## What to produce
Pictures are to be omitted; everything else in the data must be transcribed exactly.

*** Data shown Section Begins ***

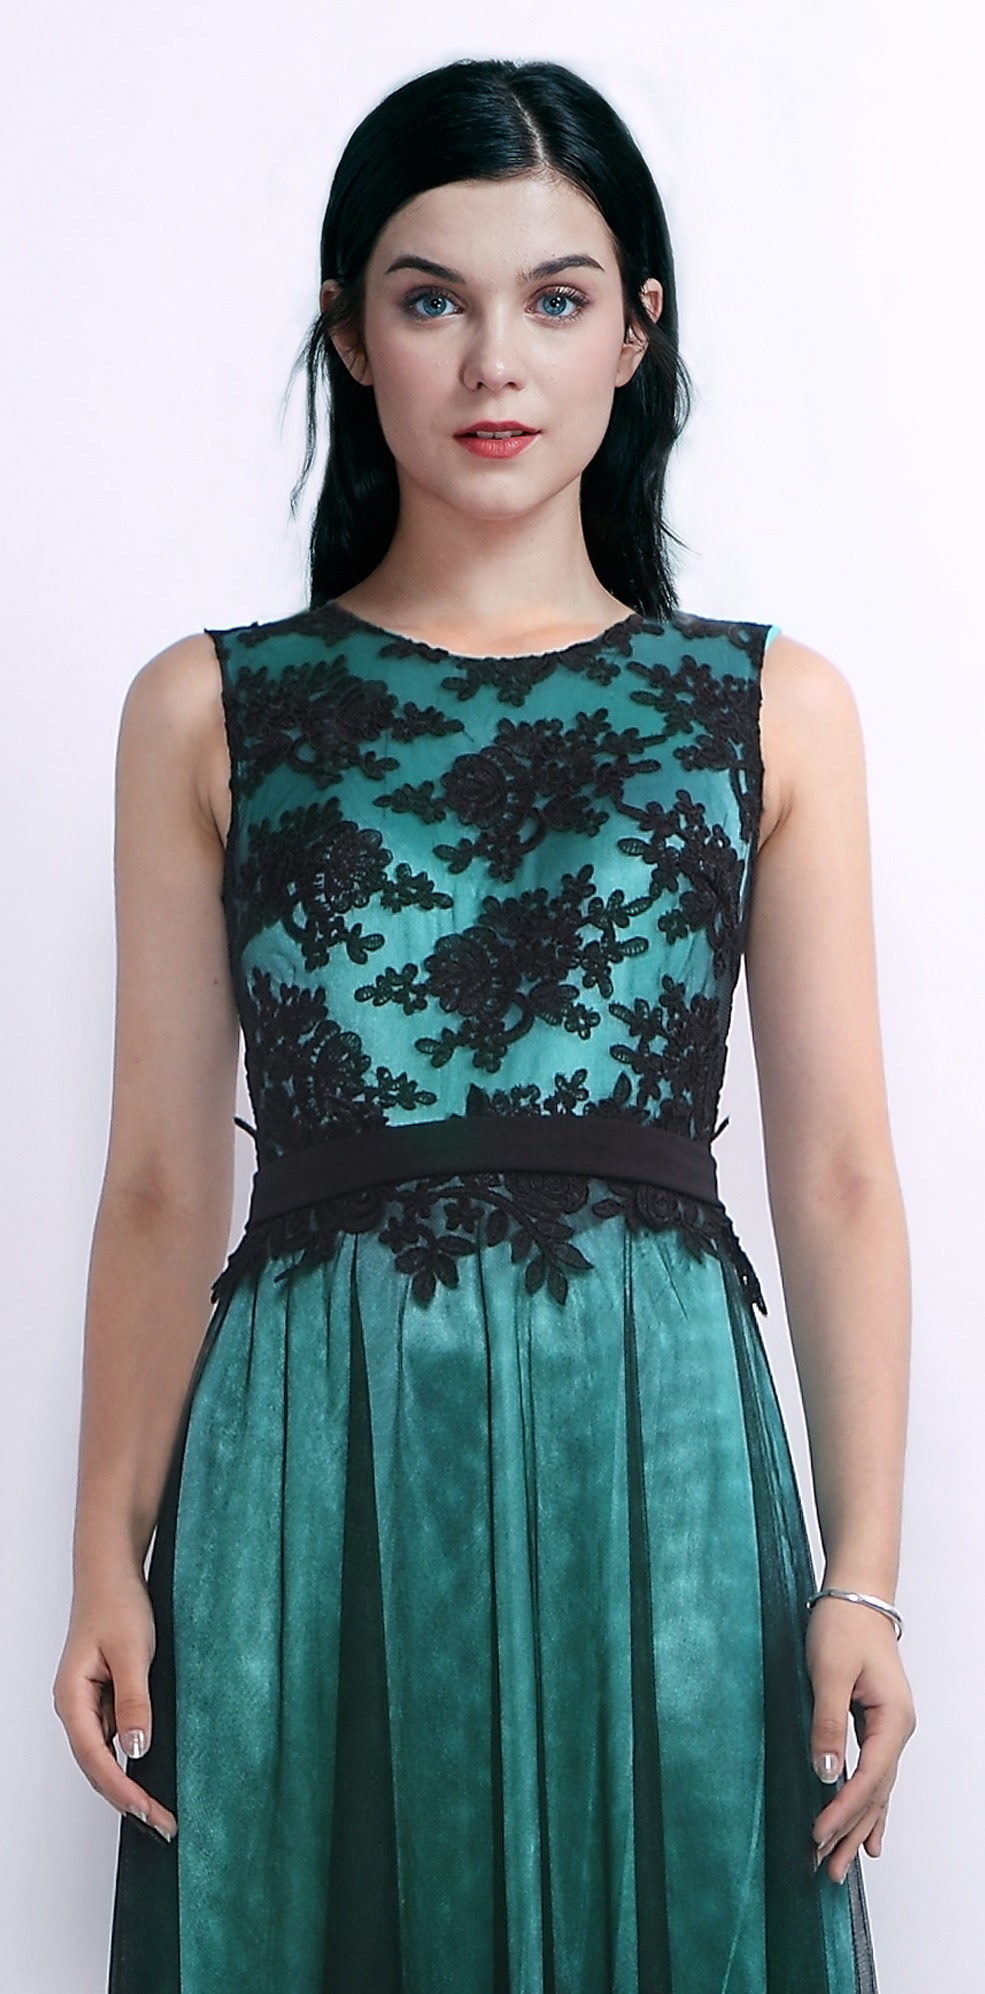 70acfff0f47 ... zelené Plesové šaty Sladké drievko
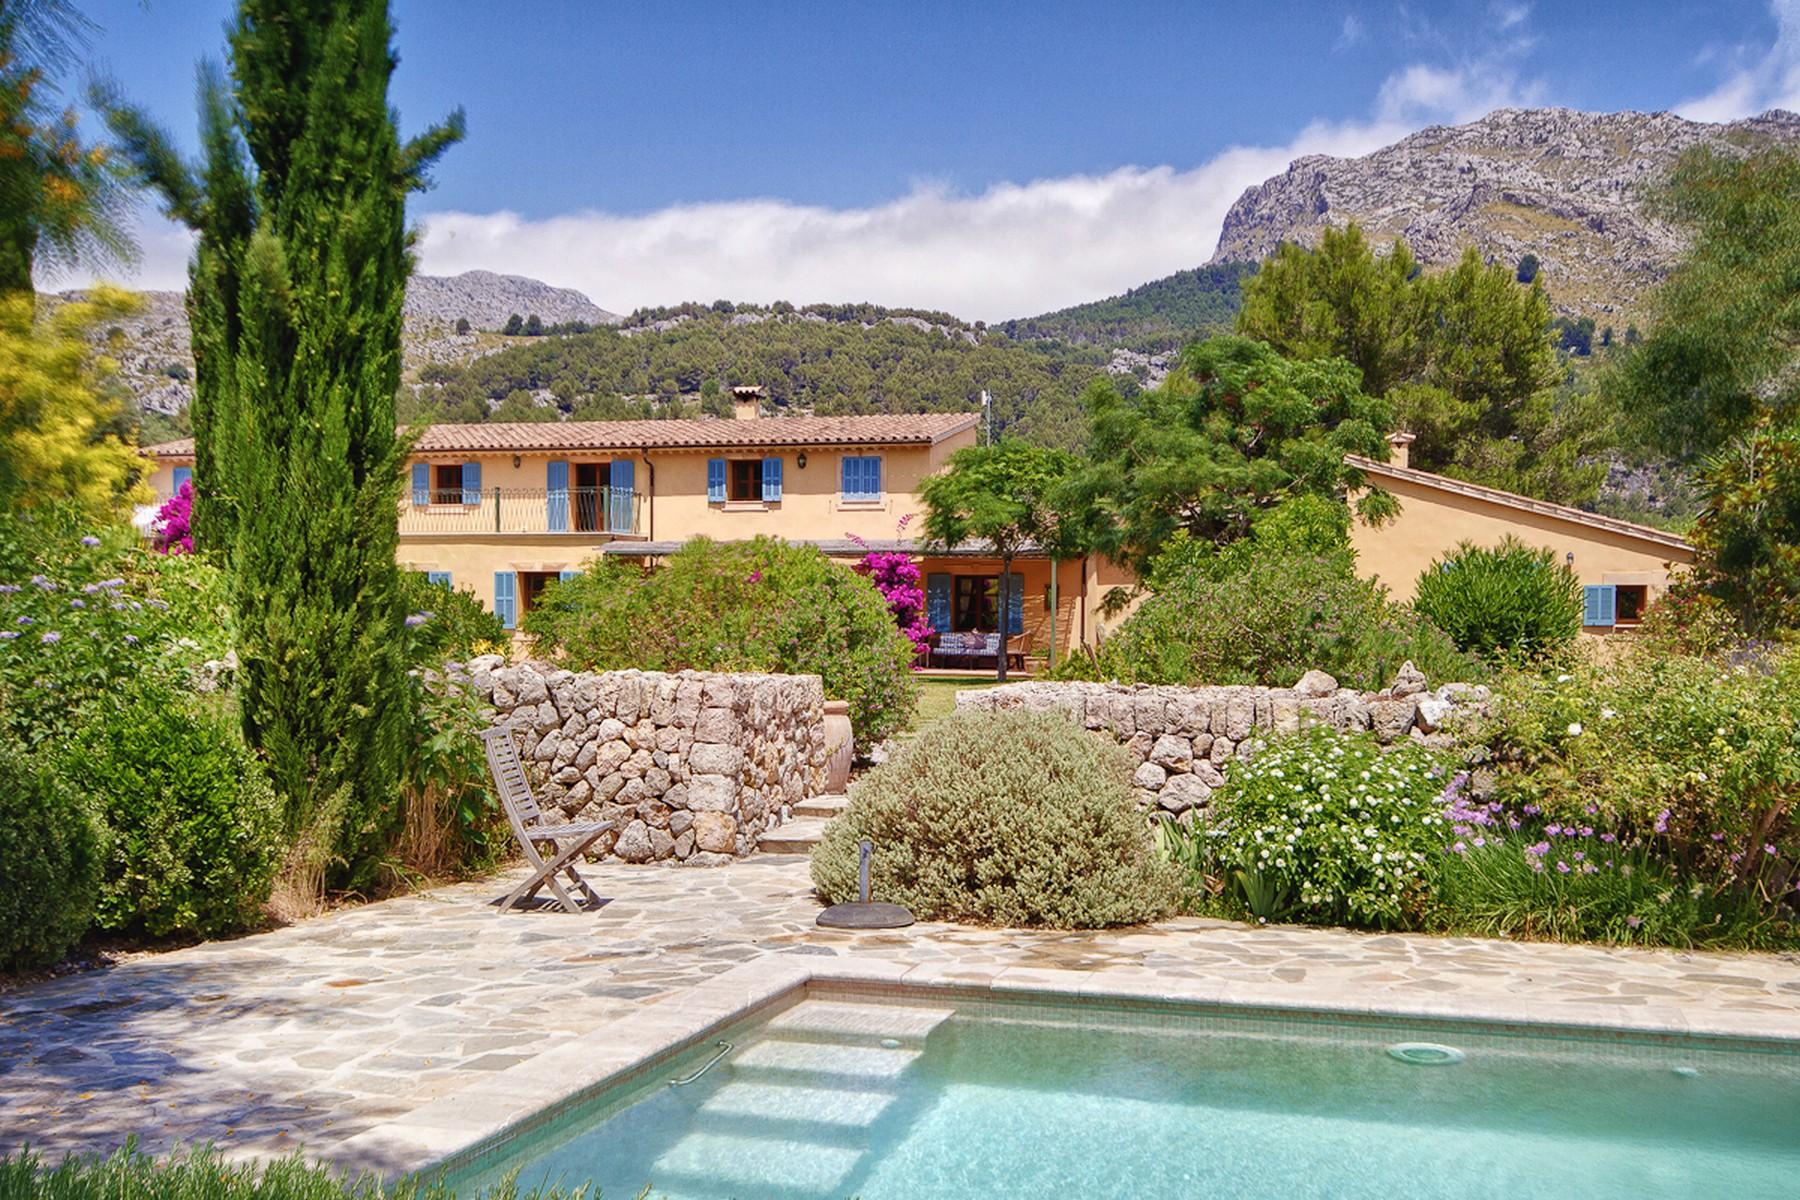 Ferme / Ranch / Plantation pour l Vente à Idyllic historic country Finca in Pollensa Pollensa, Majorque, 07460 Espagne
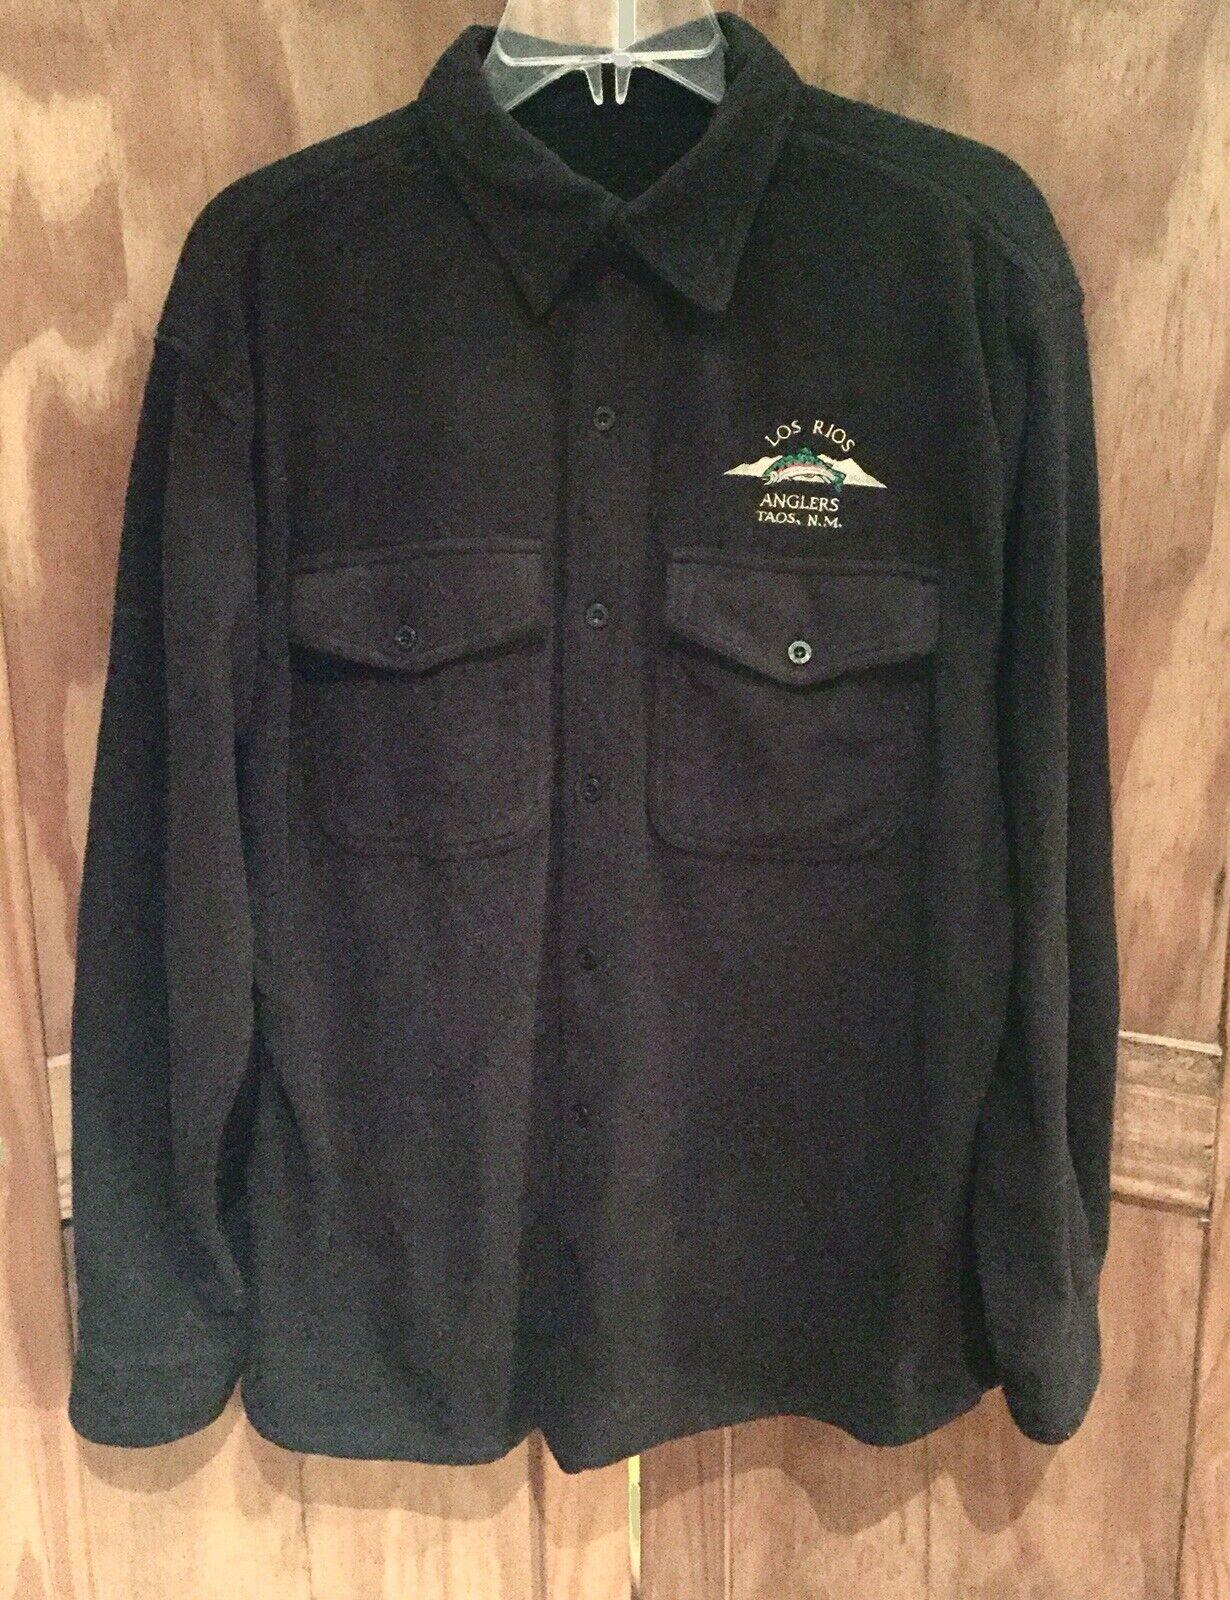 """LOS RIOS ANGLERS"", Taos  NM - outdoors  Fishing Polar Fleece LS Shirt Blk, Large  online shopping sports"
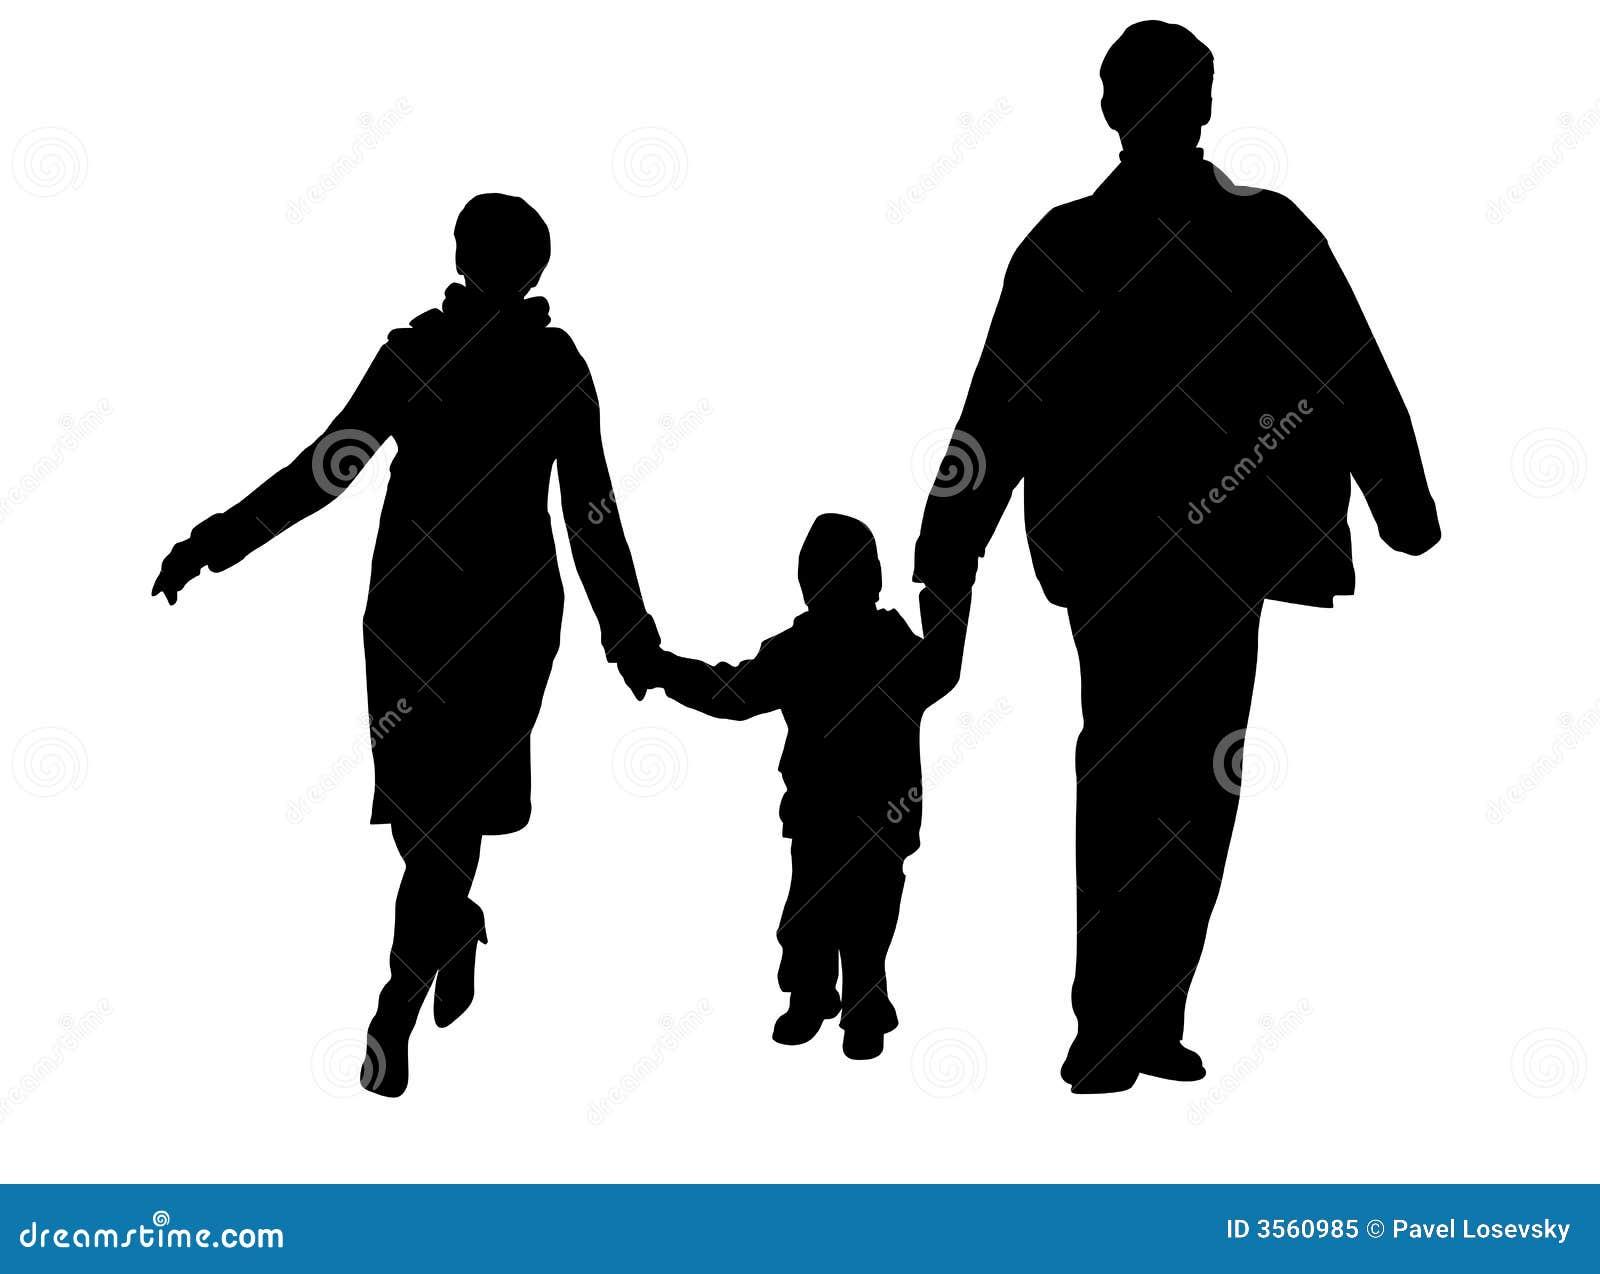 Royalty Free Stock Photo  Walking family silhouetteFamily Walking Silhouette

*** Data shown Section Ends ***

## Completed exercise
 70acfff0f47 ... zelené Plesové šaty Sladké drievko
 Ferme / Ranch / Plantation pour l Vente à Idyllic historic country Finca in Pollensa Pollensa, Majorque, 07460 Espagne
 """LOS RIOS ANGLERS"", Taos  NM - outdoors  Fishing Polar Fleece LS Shirt Blk, Large  online shopping sports"
 Royalty Free Stock Photo  Walking family silhouetteFamily Walking Silhouette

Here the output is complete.